Moving then to Europe, the EU itself has “mobilized €230m in the fight against Corona”. That’s pocket change obviously, because it is more likely to be dealt with at individual country level but the Eurocrats had to say something, they’ll likely spend it wisely on next years Davos expenses. The European Central Bank was more emphatic, pledging this week to “take appropriate action and targeted measures, as necessary and commensurate with the underlying risks”. When your official rate is already negative, it’s rather difficult to declare you are going to cut interest rates further. In Europe they currently stand at -0.5% and rumour has it they might move this to -0.6%. This is where it becomes laughable, cutting rates once they are negative is counterproductive since it pressures banks profits even further and will drive people to hoard physical cash, hence the weasel words “appropriate action and targeted measures”. All they have left is helicopter money and it will come, €1,500 for every citizen is my prediction.
More specifically inside Europe, Germany is considering suspending its constitutional limit on government borrowing. No guarantee they will though. Germany can afford it but it is one of the few countries in the world that still has citizens that have lived through hyperinflation. Those people are now very old but they remember and their children are currently in positions of power. The scars of monetary disaster run deep.
No such qualms in Italy though, which cannot afford it, so I suppose it doesn’t matter. 3.6 billion Euros announced as fiscal stimulus. Italy is so far in breach of the EU borrowing rules that it appears no longer to matter, and the EU have given the unofficial nod for this round of spending.
Moving to the UK, the new Governor of the Bank of England was busy pre-announcing bail outs for struggling companies “there will need to be bailout for companies to help them bear the impact”. He made the statement to a Select Committee of UK MPs as though it was nothing. Apparently nobody appears concerned they might repeat the mistakes of 2008.

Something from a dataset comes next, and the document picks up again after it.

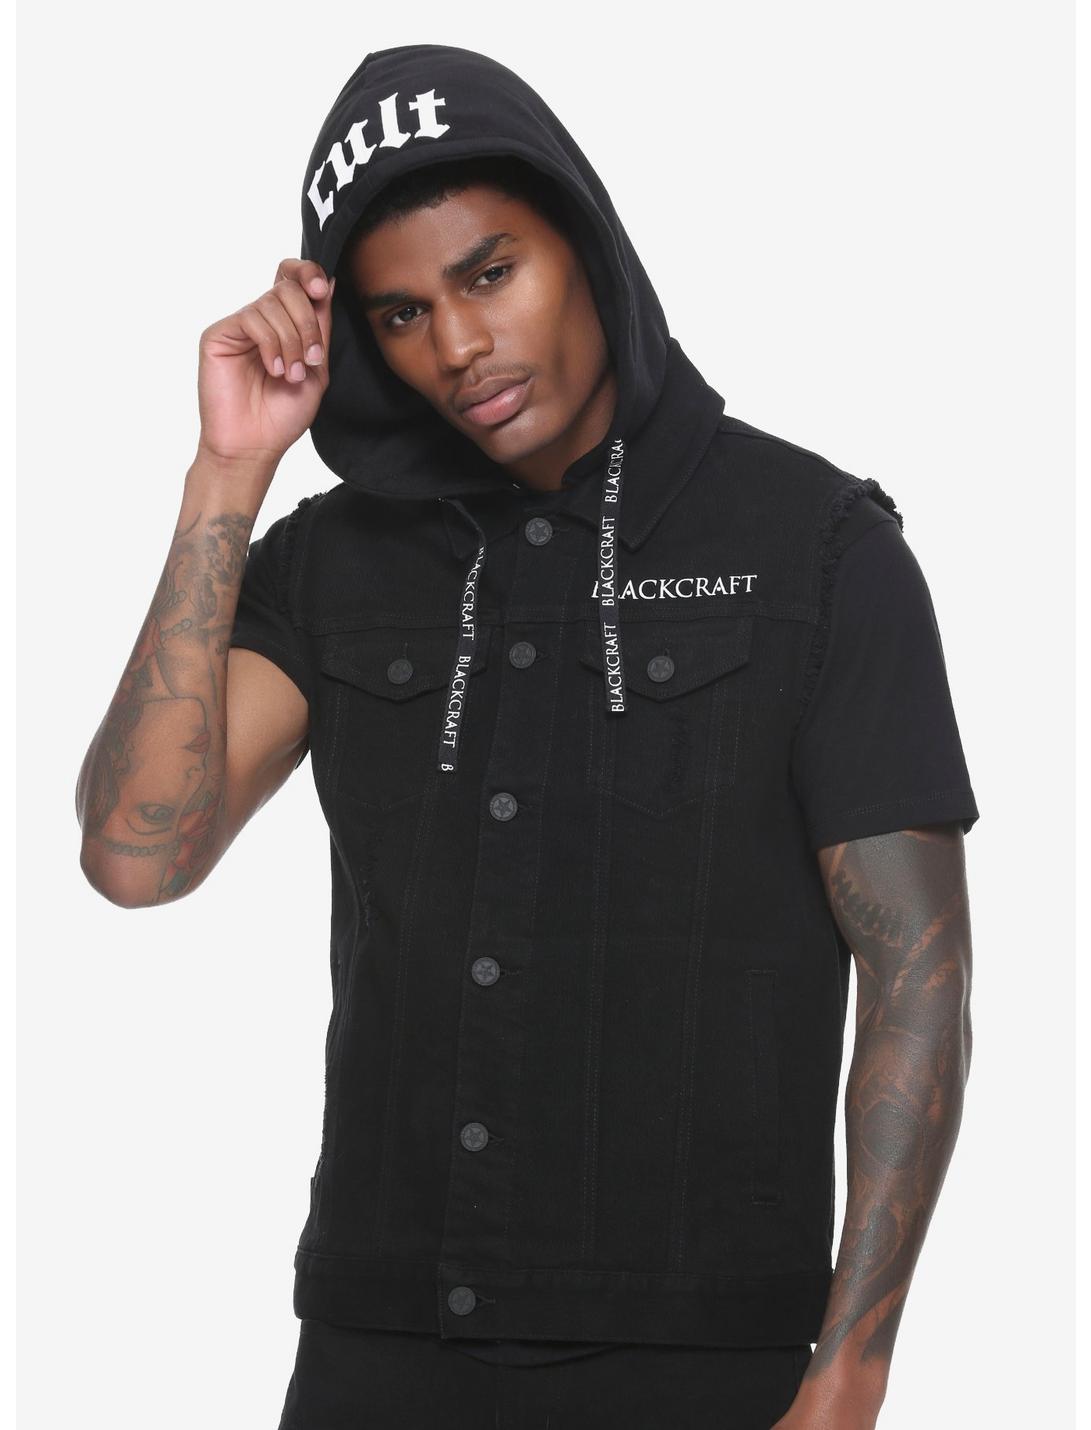 BlackCraft Hooded Denim Vest, BLACK, hi-res
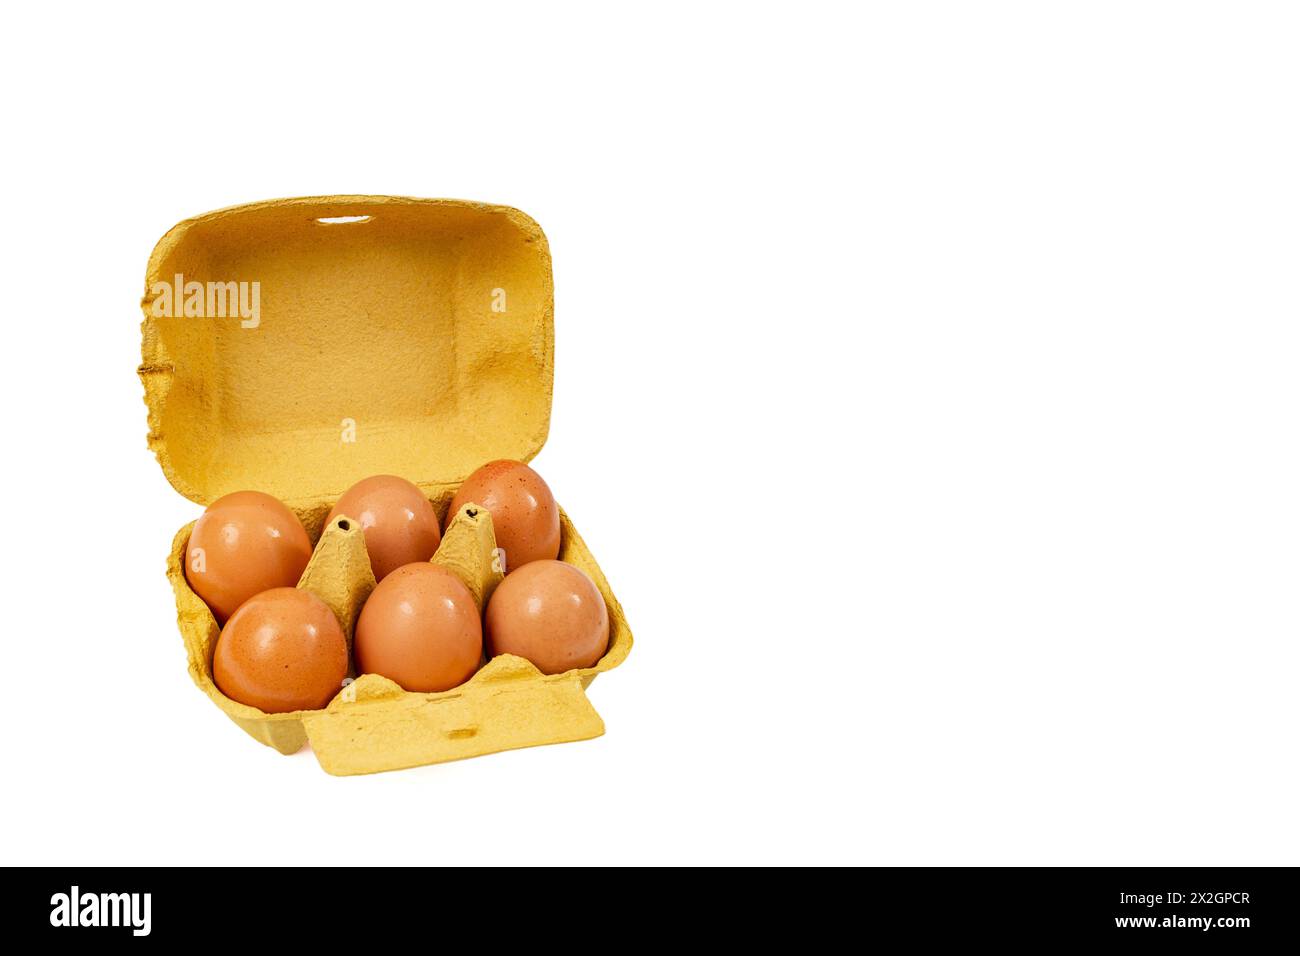 confezione da sei uova in cartone giallo, isolata su sfondo bianco, con spazio negativo Foto Stock

The Americans went furthest though, with an out of cycle cut of 0.5% which took everyone by surprise and crashed the market. America’s 10 year bond yield fell below 1%, for the first time ever. That people believe they cannot find a better investment than 1% over 10 years by lending to the US government is quite something. I must add too, Jay Powell is weak. In most countries the head of bank has real power, Powell seems to jump exactly when he’s told to. Trump demanded a cut, got a huge cut and hours later demanded more easing, which he will also likely get.
So it’s a been a very busy week for bankers, having committed at Davos to fight climate change with monetary policy, they have thrown in virus fighting too. The strange thing is none of this money exists, it will just be printed, it likely will not prevent a single person getting infected. There has been no reallocation from aircraft carriers to face masks, no reduction in road building for respirators, it’s all extra that they don’t have.
Where is the health minster simply saying we are going to give everyone five masks and a bar of soap? It would be orders of magnitude cheaper and wildly more effective. The fact is economies were in a tight spot and corona presented an opportunity and my word, those bankers have seized it.
Corporate Bonds
“You are getting five times the bank base rate of interest from a profitable company”
I do not claim that Virgin will default, but airlines operate on pretty thin margins, the planes need to be full and they are not, the oil price will help them but honestly, corporate bonds look like there can only every be one big winner, the company. The best you can do as an investor is chop out with your interest intact.
Australia’s Central Bank Governor, Philip Lowe, called this out in a speech last month, it was a reference to the US:
I would also add, Virgin Airlines made a loss in 2017, 2018 and 2019 (in fairness, also highlighted in their risk section). I’m sure they will bounce back this year though, what with those shiny new planes on order.
For all this you get 7.88% and your money back if all goes well (actually you get 12.5% now because they price of the bonds has fallen so much). They tell me bitcoin is too risky though. The difference is bitcoin, which can still go to zero, can also go very, very high and make exceptional gains, something you cannot do with corporate bonds.
How to profit from crisis (not financial advice)
There are a number of potential avenues to profit from major market declines. All of them have different risk reward payoffs.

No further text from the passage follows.